Recorded information:
[Start of section]

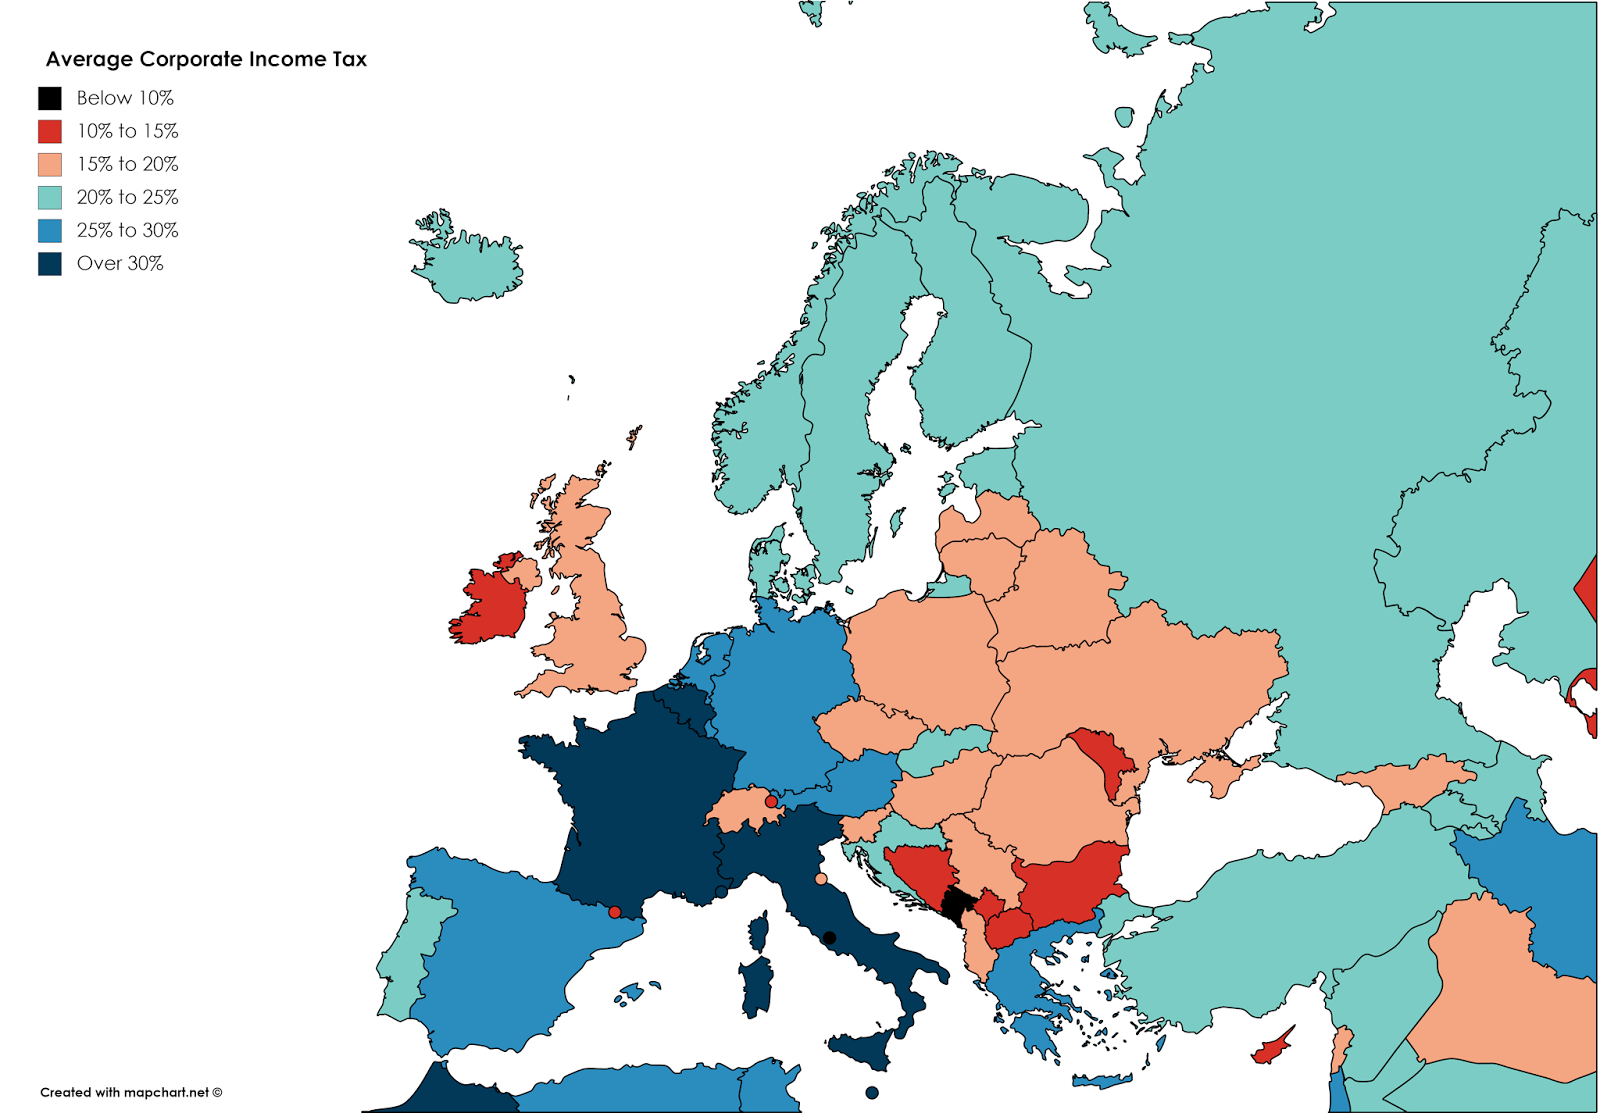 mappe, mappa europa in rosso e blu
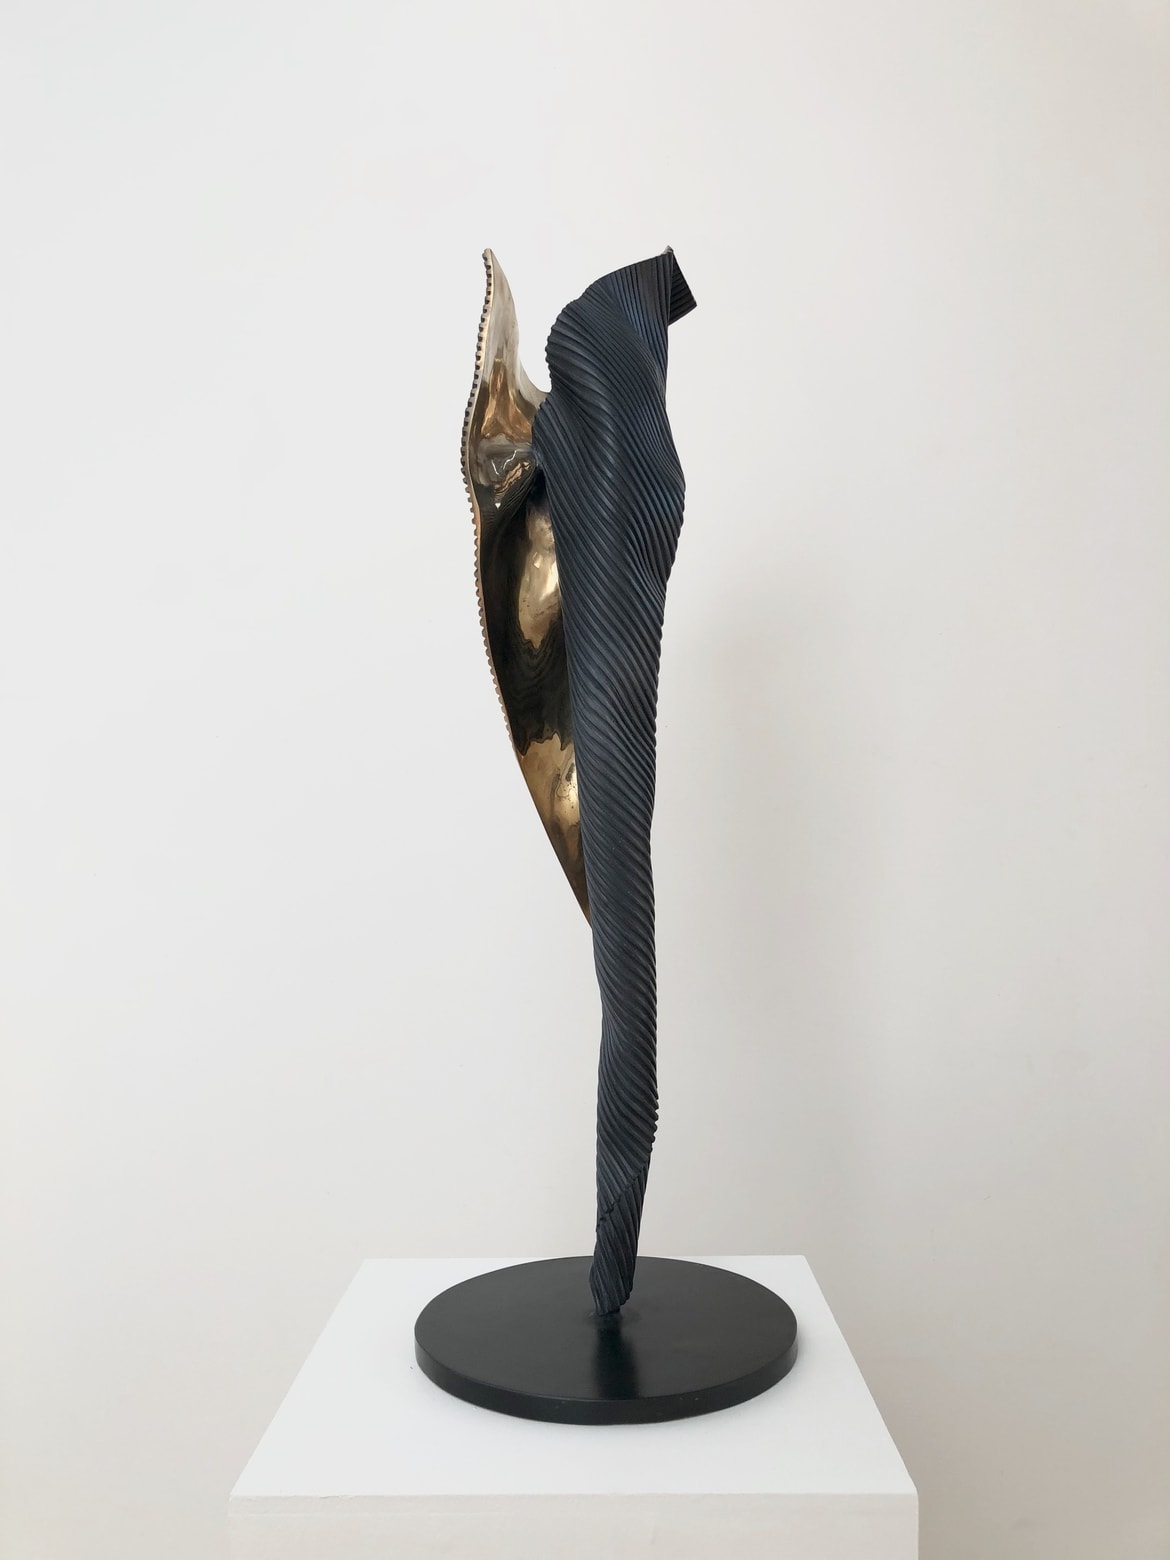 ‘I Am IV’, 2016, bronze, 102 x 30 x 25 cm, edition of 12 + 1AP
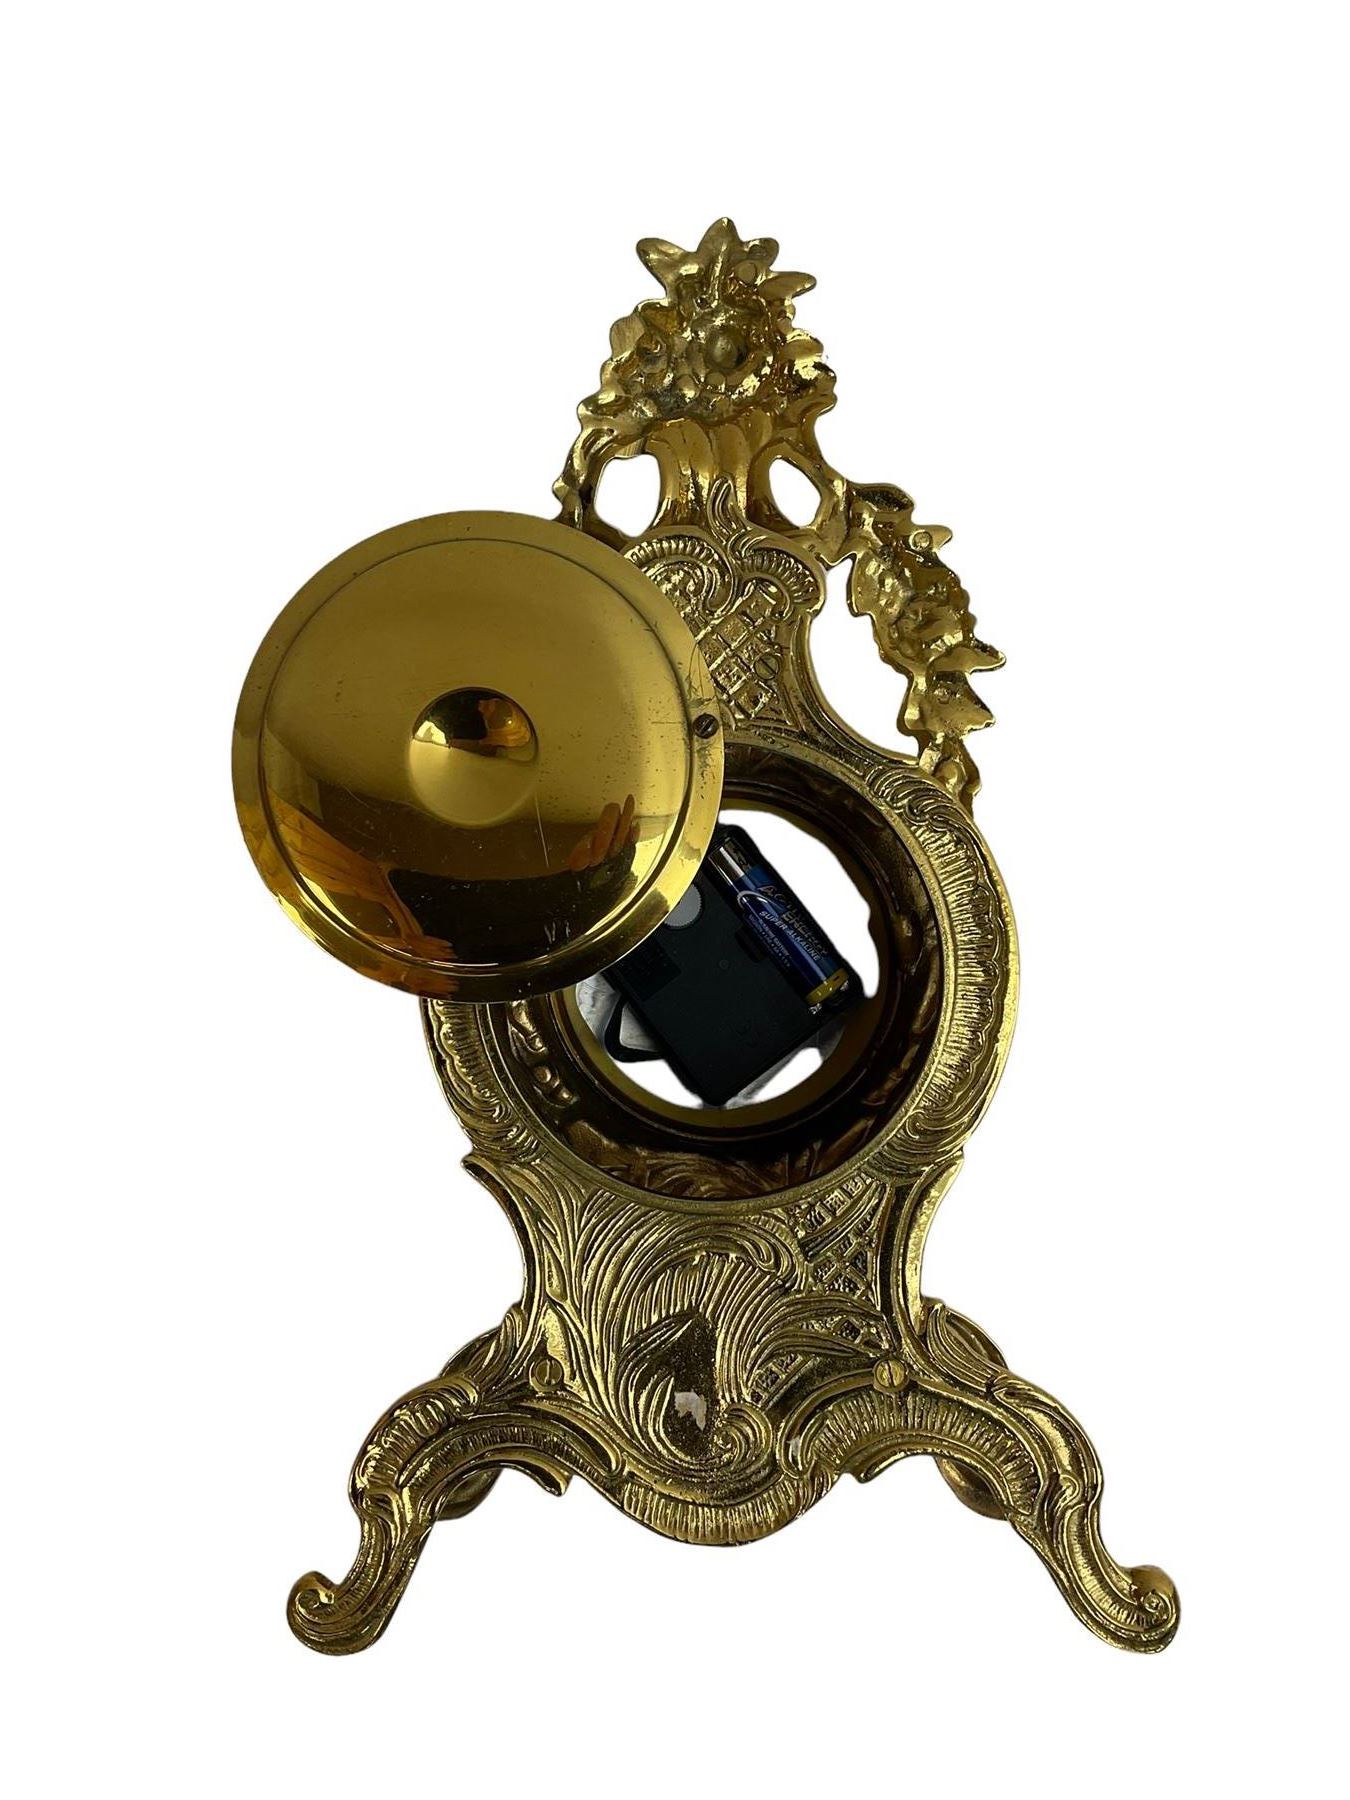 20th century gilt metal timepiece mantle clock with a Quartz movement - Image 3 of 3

[End of section]

What is required: Print exactly, and only, the lines from the line containing "of 12 + 1AP" to the last line of the material above, with every picture left out.

Answer to this exercise:
 ‘I Am IV’, 2016, bronze, 102 x 30 x 25 cm, edition of 12 + 1AP
 20th century gilt metal timepiece mantle clock with a Quartz movement - Image 3 of 3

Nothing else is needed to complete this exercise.